In this first run, we query the top 20 images per place. We better have the data, and then we can always do the image generation only for the top 5.

In [None]:
TOP_X_IMAGES = 20

output_dir = '../../data/flickr/'

### Init

In [None]:
%load_ext autoreload
%autoreload 2

In [None]:
from dotenv import load_dotenv
load_dotenv()

import os
import json
import requests
import pandas as pd

from stairway.apis.flickr.photos import get_flickr_images, create_image_url, create_attribution_url
from stairway.apis.flickr.people import get_flickr_people_info, parse_flickr_people_info
from stairway.apis.wikivoyage.page import get_wikivoyage_page_info

In [None]:
FLICKR_KEY = os.getenv('FLICKR_KEY')

### Read data

In [None]:
data_dir = '../../data/wikivoyage/enriched/'

file_name = 'wikivoyage_destinations.csv'

In [None]:
df = (
    pd.read_csv(data_dir + file_name)
    .rename(columns={'id': 'stairway_id'})
    .set_index("stairway_id", drop=False)
    [['stairway_id', 'name', 'country', 'nr_tokens', 'wiki_id']]
)
df.shape

## 1. Query the api and explode the DF

In [None]:
def find_flickr_images(df, nr_images=TOP_X_IMAGES):
    "Takes a df of a single row and explodes it into the nr of entries found"
    flickr_json = get_flickr_images(df["search_string"].iloc[0], 
                                    api_key=FLICKR_KEY, 
                                    images_per_page=nr_images)['photo']

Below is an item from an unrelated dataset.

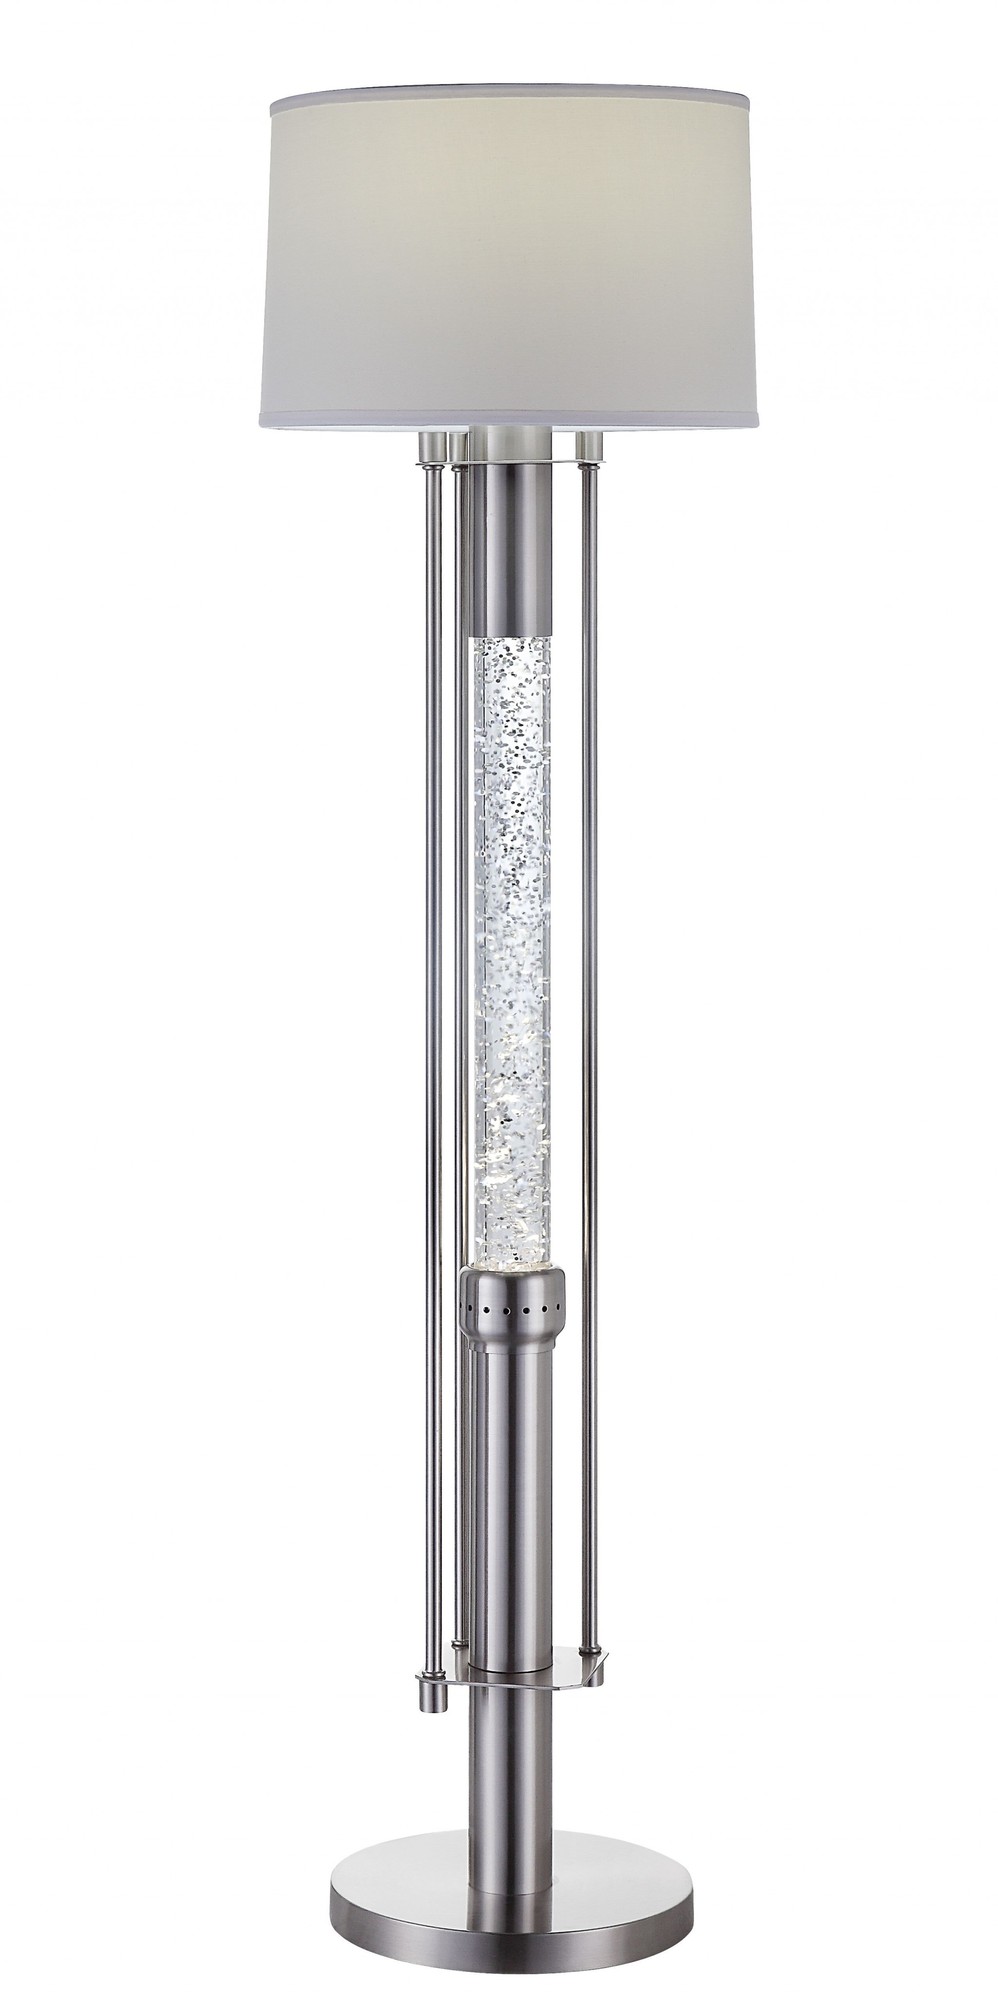 15" X 15" X 58" Brushed Nickel Metal Glass LED Shade Floor Lamp

    if len(flickr_json) > 0: 
        flickr_df = (
            pd.DataFrame(flickr_json)
            .assign(url_b = lambda df: create_image_url(df))
            .assign(image_url = lambda df: create_attribution_url(df))
    #         [['id', 'owner', 'title', 'image_url', 'ownername', 'url_b', 'url_o', 'height_o', 'width_o']]
        )

        repeated_df = (
            pd.concat([df]*len(flickr_json), ignore_index=True)
            .reset_index()
            [['stairway_id', 'index', 'name', 'country', 'nr_tokens', 'wiki_id']]
        )
        
        df_out = pd.concat([repeated_df, flickr_df], axis=1)
    else: 
        df_out = None
    return df_out


In [None]:
df_images = (
    df
    .reset_index(drop=True)
    .assign(search_string = lambda df: df['name'] + ' ' + df['country'])
    .groupby('stairway_id')
    .apply(find_flickr_images)
    .reset_index(drop=True)
)
df_images.shape

In [None]:
df_images.to_csv(output_dir + 'flickr_top5_images_per_place.csv', index=False)

## 2. Get Flickr people info

Use https://www.flickr.com/services/api/flickr.people.getInfo.html

First deduplicate the authors from the image list, then retrieve info and join back to avoid querying a single author multiple times. 

In [None]:
# user = '12962905@N05'  #kevinpoh
# user = '61713368@N07'  #tiket2

# output = get_flickr_people_info(user, api_key=FLICKR_KEY)
# output = parse_flickr_people_info(output)

# output

In [None]:
df_people = pd.DataFrame(
    [parse_flickr_people_info(get_flickr_people_info(author, api_key=FLICKR_KEY))
     for author in 
#      df_images['owner'].unique()
     df_images['owner'].drop_duplicates()
    ])


df_people = df_images[['owner']].drop_duplicates(ignore_index=True).join(df_people) 

df_people.shape

In [None]:
df_people.to_csv(output_dir + 'flickr_top5_images_per_place_owners.csv', index=False)

Now join the people table with the image table

In [None]:
df_all = (
    df_images
    .merge(df_people, on='owner')
)
df_all.shape

## 3. Add link to wiki travel for ease of use

Use `wiki_id` of course

In [None]:
# data = get_wikivoyage_page_info(33)

# data['fullurl']

In [None]:
def get_wikivoyage_fullurl(wiki_id):
    data = get_wikivoyage_page_info(wiki_id)
    return data['fullurl']

In [None]:
df_wikiurls = df['wiki_id'].apply(get_wikivoyage_fullurl).to_frame(name='wiki_url').reset_index()

df_wikiurls.shape

In [None]:
df_wikiurls

In [None]:
df_wikiurls.to_csv(output_dir + 'wikivoyage_place_urls.csv', index=False)

Now join the wiki links with the image table

In [None]:
df_all = (
    df_all
    .merge(df_wikiurls, on='stairway_id')
)
df_all.shape

## Dump the final list to file

In [None]:
df_all.to_csv(output_dir + 'instagram_post_list_full.csv', index=False)

Last step, is making a nice subselection of the variables and putting them in de right order for the overview.

In [None]:
column_order = ['stairway_id', 'index', 'name', 'country', 'nr_tokens', 'title', 'ownername', 
                'realname', 'path_alias', 'location', 'profileurl', 'image_url', 'wiki_url']
column_rename = {'title': 'image_title', 'path_alias': 'owner_tag', 'location': 'owner_location'}

(
    df_all
    .loc[lambda df: df['index'] < 5]
    [column_order]
    .rename(columns=column_rename)
    .to_csv(output_dir + 'instagram_post_list.csv', index=False)
)

Done.